DATA BELOW.

——————

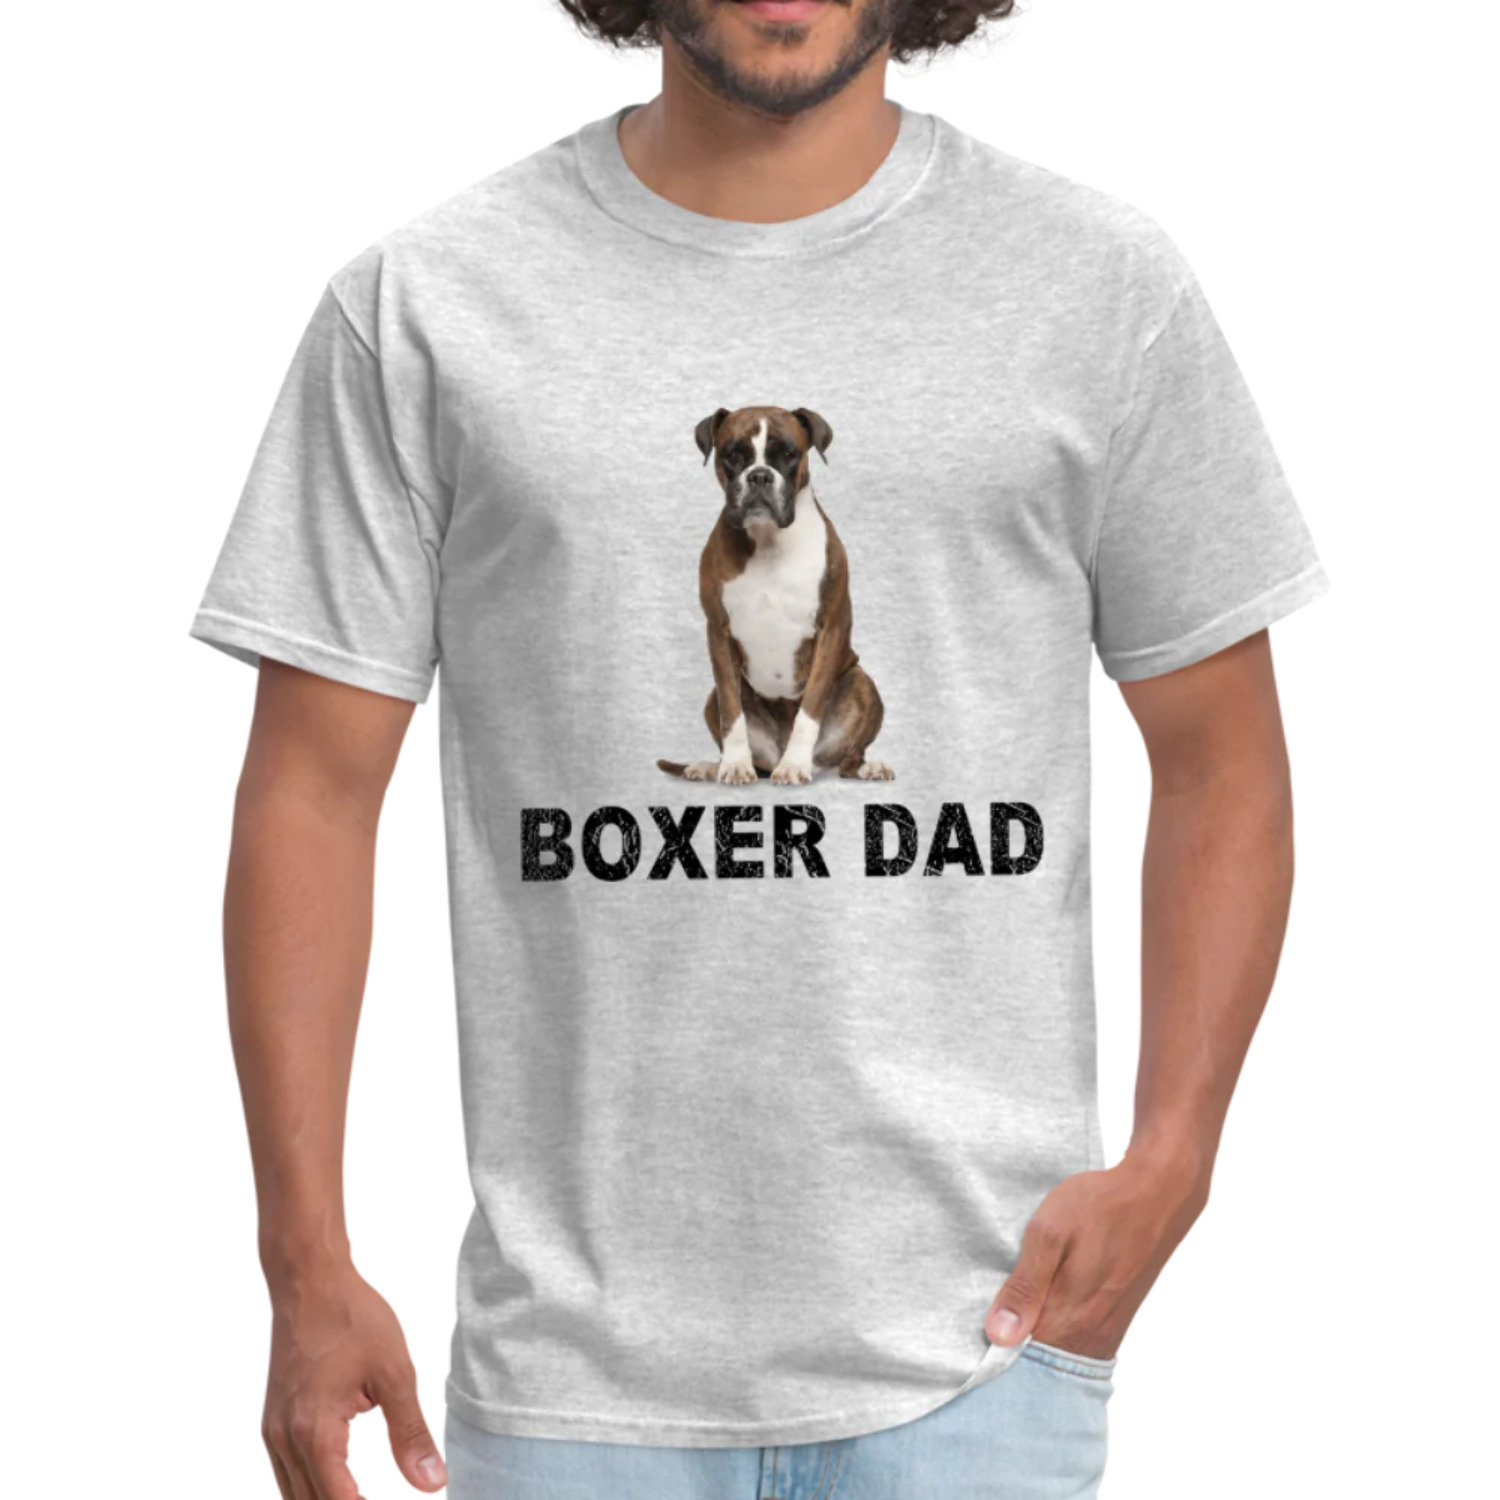 Boxer Dad Shirt, Dog Dad TShirt, Gift For Dog Lover, Dog Tshirt, Gift for Boxer Dad, Dog Papa Tee, Dog Dad Gift, Boxer Lover Shirt - image 2 of 11
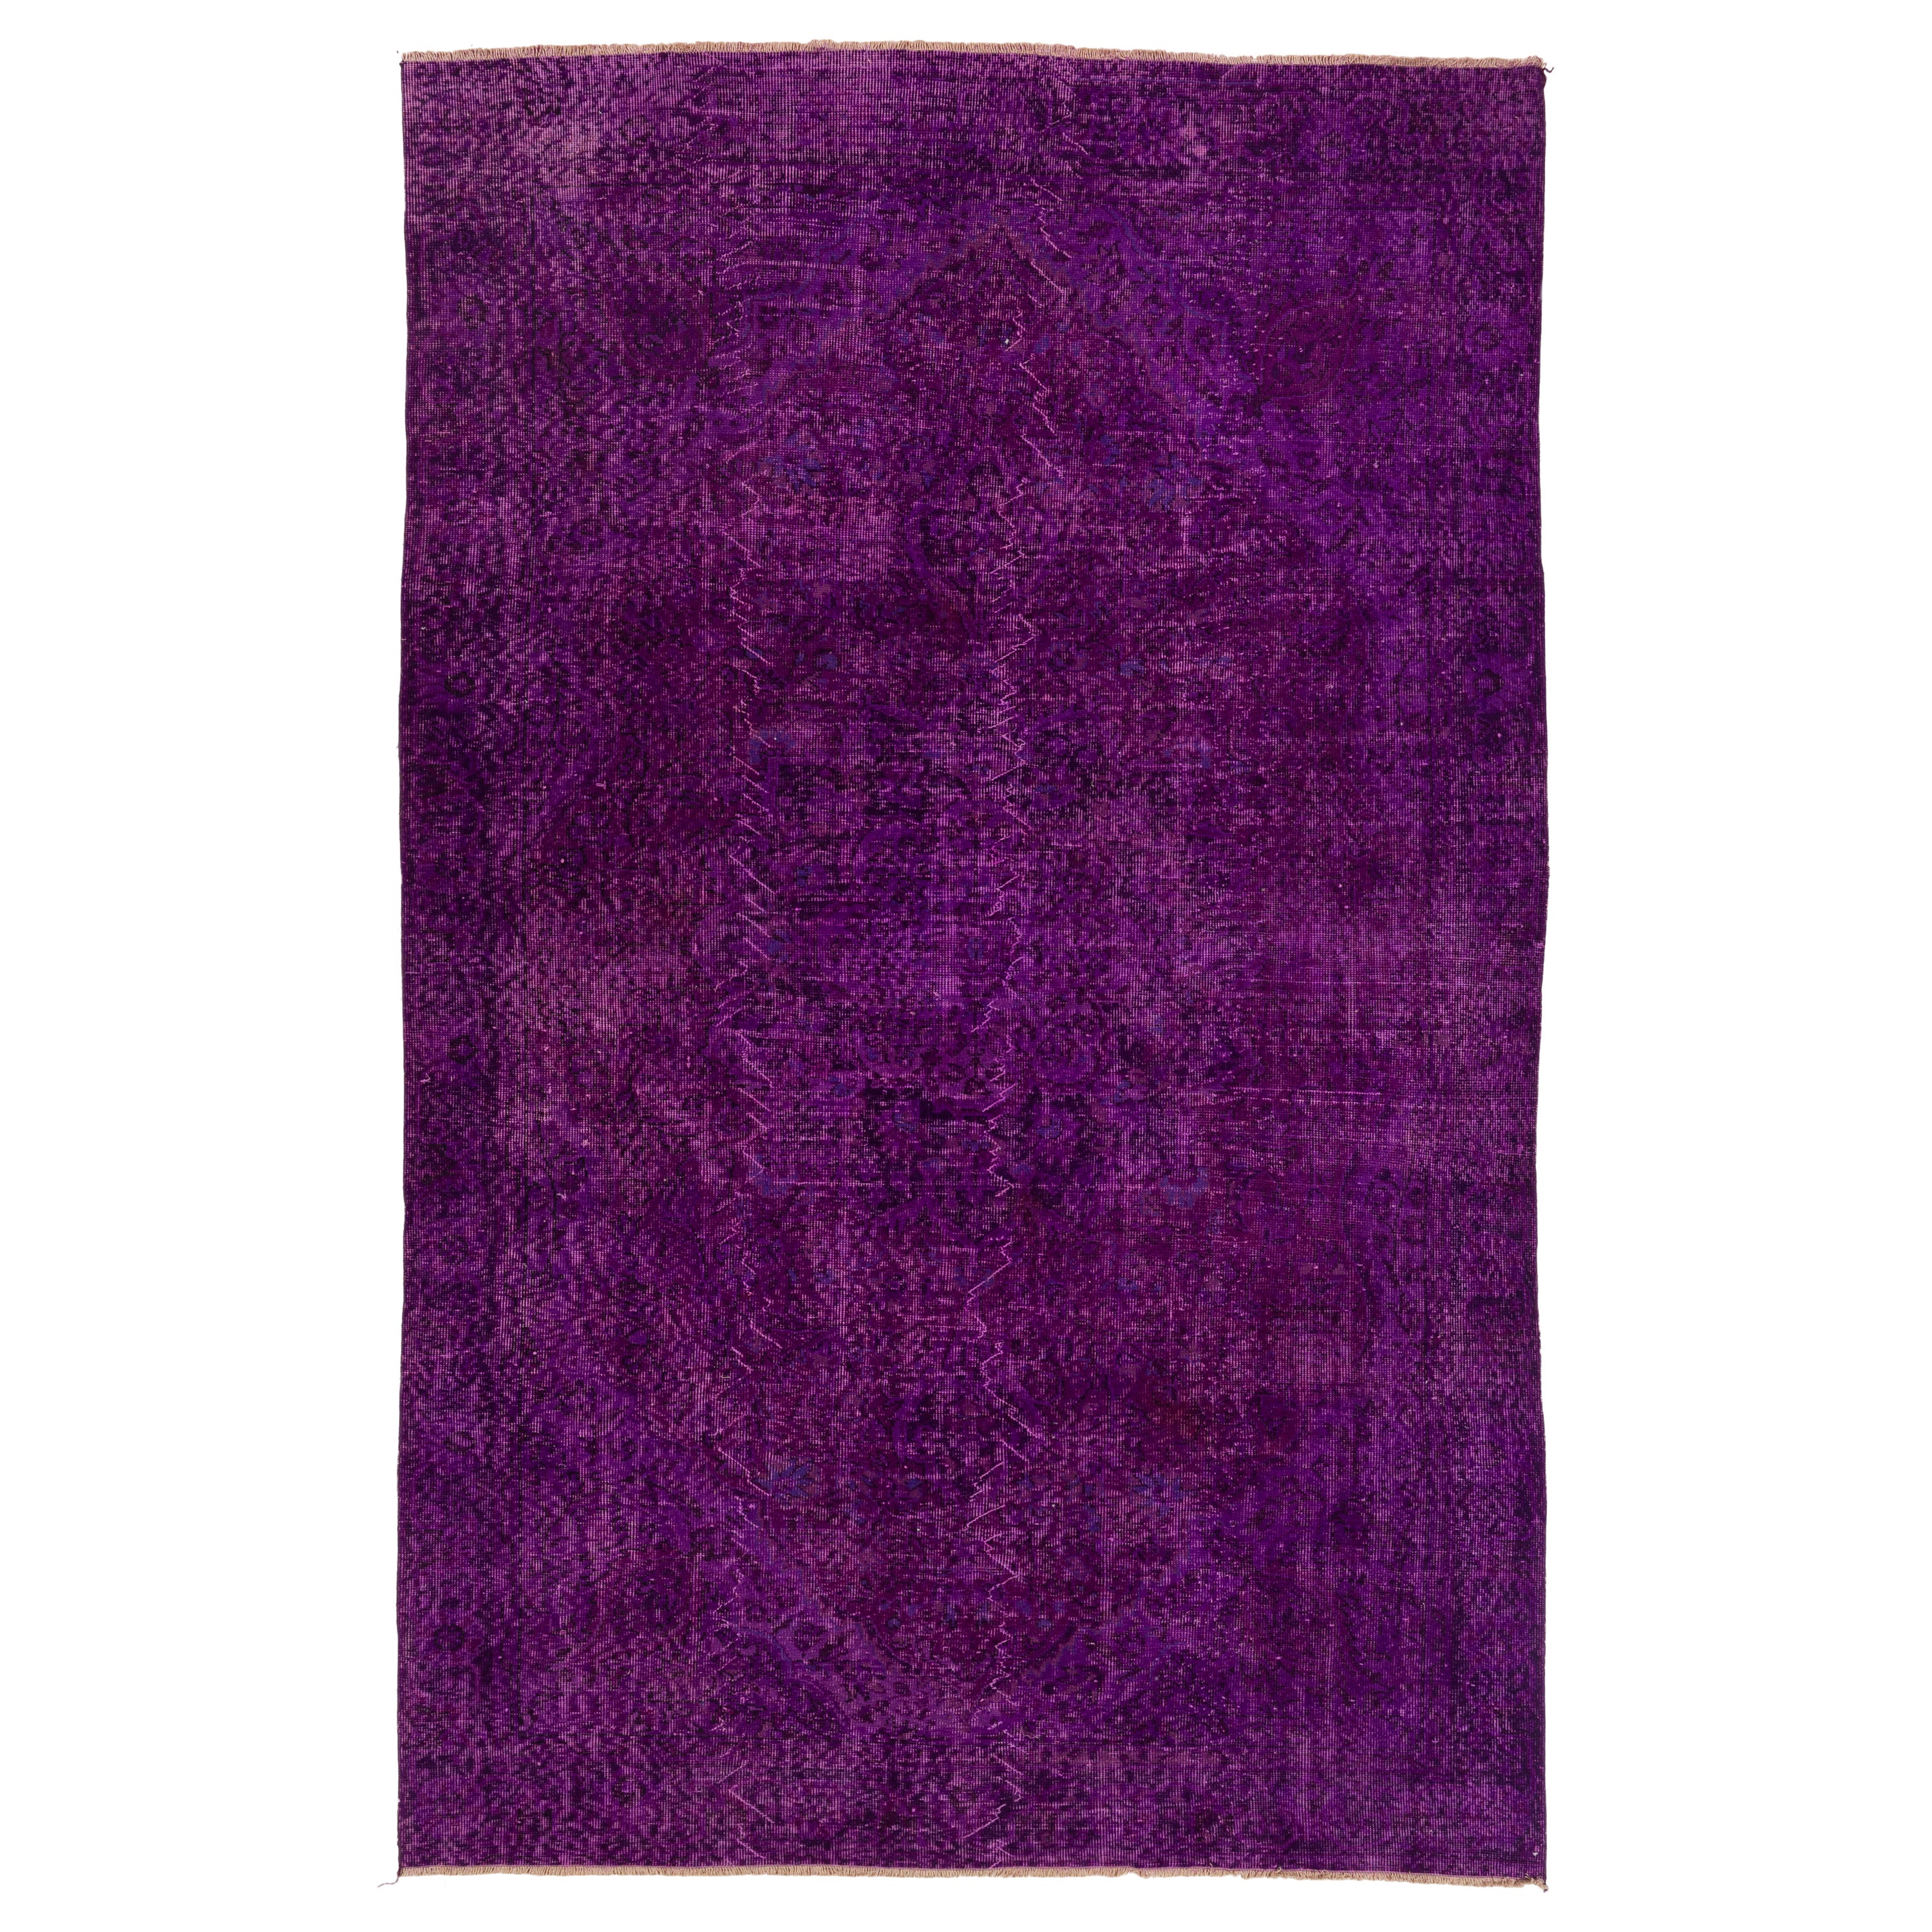 6.4x10.3 Ft Purple Handmade Turkish Area Rug, Contemporary Living Room Carpet
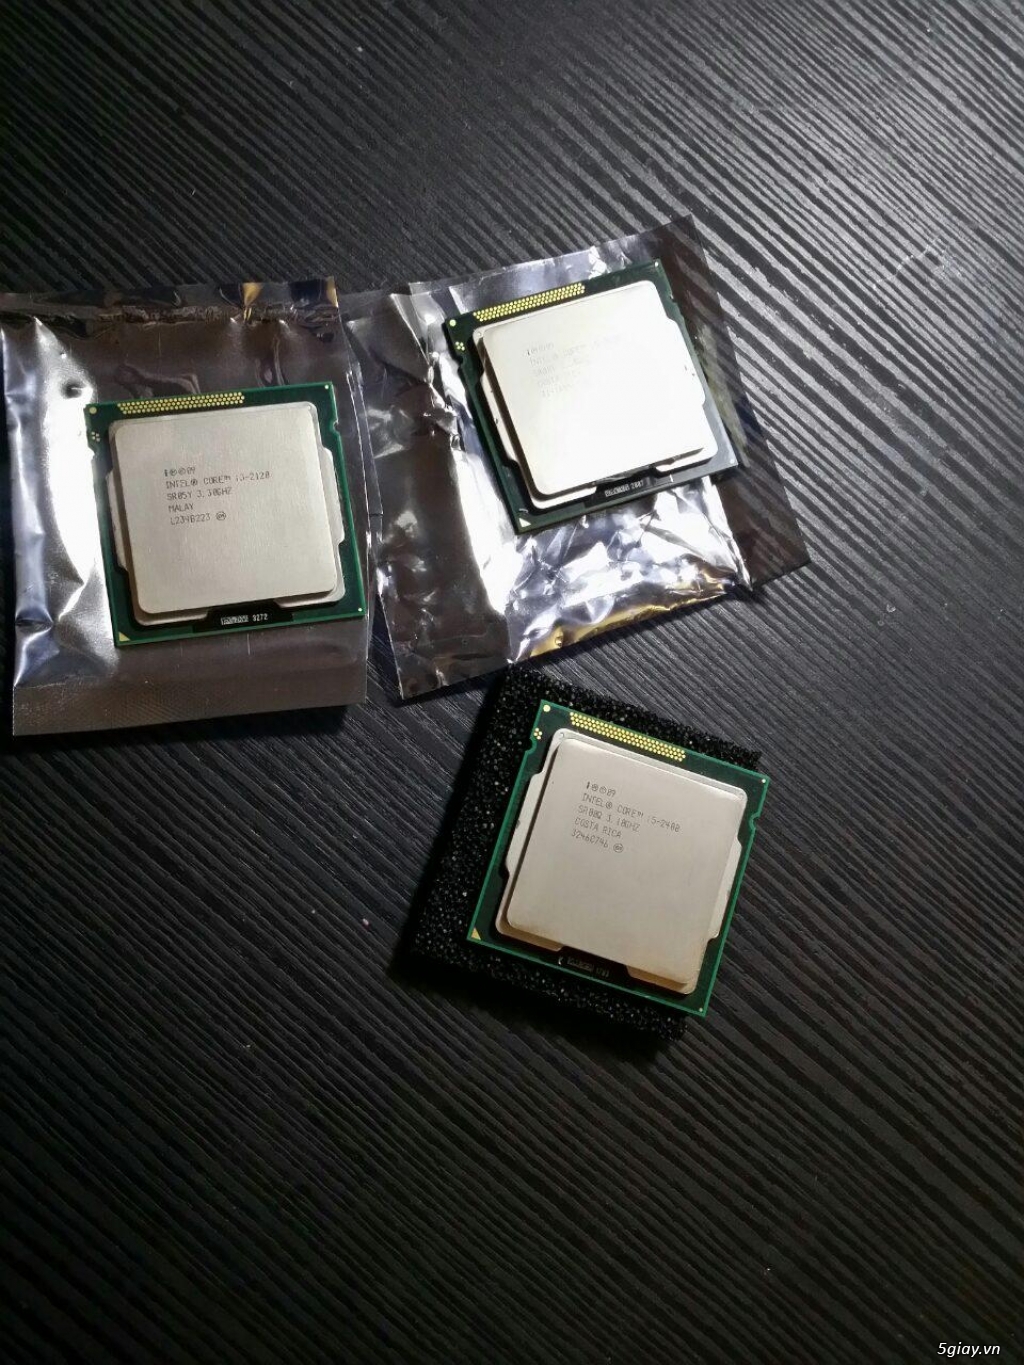 3 Con CPU Core i3 2120, i5 2500, i5 2400 (bán cả 3)

——————

TASK INSTRUCTIONS.
Everything in the material except the pictures should be restated word for word.

YOUR RESPONSE.
 Boxer Dad Shirt, Dog Dad TShirt, Gift For Dog Lover, Dog Tshirt, Gift for Boxer Dad, Dog Papa Tee, Dog Dad Gift, Boxer Lover Shirt - image 2 of 11
 6.4x10.3 Ft Purple Handmade Turkish Area Rug, Contemporary Living Room Carpet
 3 Con CPU Core i3 2120, i5 2500, i5 2400 (bán cả 3)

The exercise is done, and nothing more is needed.